Still, the scene was ridiculous.
On a whim he irrationally sees the police closing in on the guy and panicked at the thought of the guy using intangibility to free himself so Danny phased them both through his apartment wall and left the guy sprawled in his couch. Jason didn’t freak out but that’s normal when one’s got a concussion, one the guy immediately denied having as Danny laid out the medical supplies. The idiot proceeded to almost flatten four steps to the door with his stubbornness. He also said “I’m asexual” in the most deadpan voice as Danny dropped him back in the couch.
Danny sighed. Clearly though, he’d done so too early in the night because the guy kept trying to go, kept trying to knock Danny out, kept trying to slash him with knifes Danny didn’t know he had stashed. He’d only disarmed the guy from his guns. The visible ones apparently, cause at one point the guy did take out a gun and shoot until the ammo ran out and then teetered the thing like it was an art prop and hit his moon lamp.
Danny "yeah you aren’t officially my friend until you’ve tried to kill me" fenton my guys.
Anyways both keep having the same argument over if Danny technically kidnapped Jason or not. Danny holds the fact that the police at least didn’t see the guy make the ridicule. Jason argued that happened cause he was sporting a concussion. Danny argued he got that after.

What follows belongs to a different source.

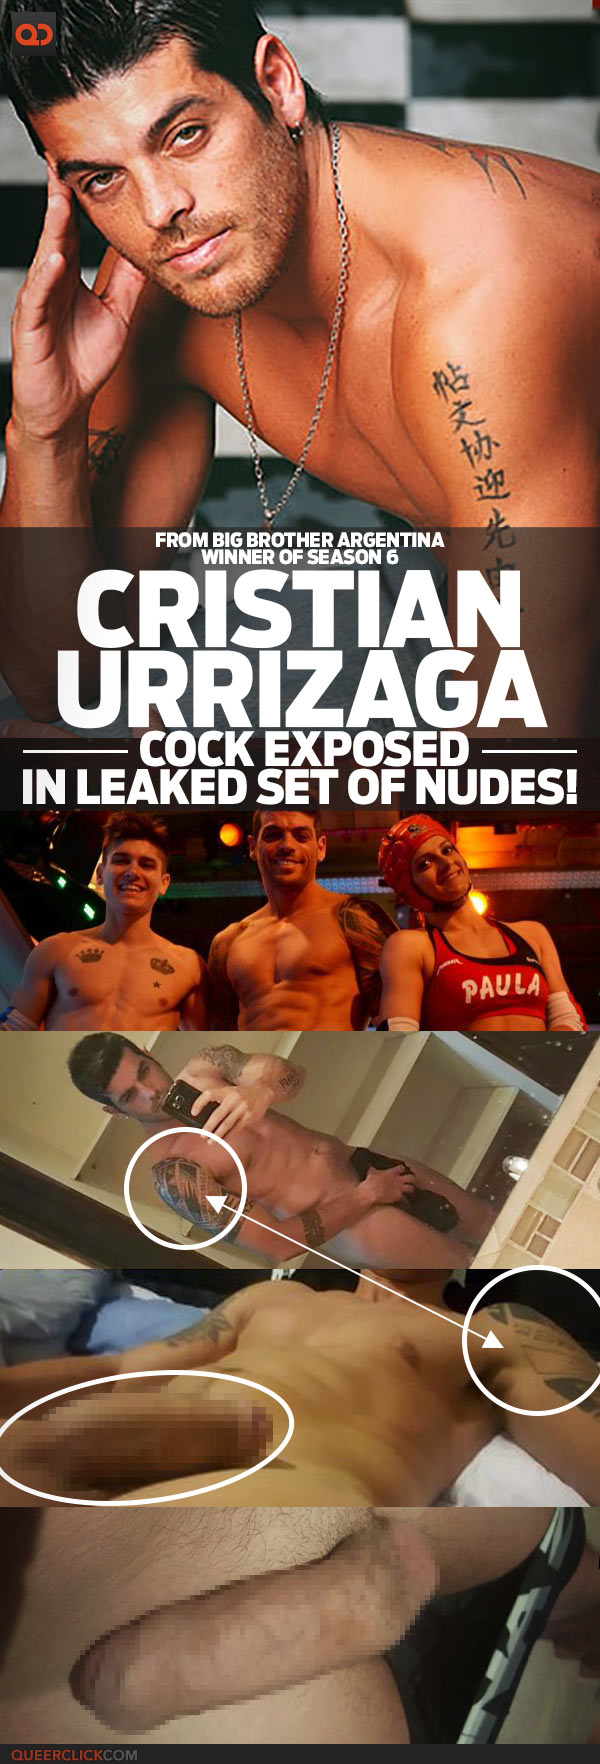 Cristian Urrizaga, From Big Brother Argentina And Winner Of Season 6, Cock Exposed In Leaked Set Of Nudes!

Jason at first thinks the guy's a meta, but no. Danny introduces himself, sheepily now that he recognizes this is who the lair he invaded is from. He bandages him and tries to cook for him. If Danny didn’t have ice powers he most certainly would’ve burned the apartment. Jason then proceeds to kick him out of his own kitchen and make them both enchiladas. It’s the most normal both had in a while with another person and the air seems oddly settled. From then on, Jason constantly invited himself over, under the pretense that this was his territory and therefore he could drop in unannounced. Danny who has actual powers says he only allows this because Jason cooks very well.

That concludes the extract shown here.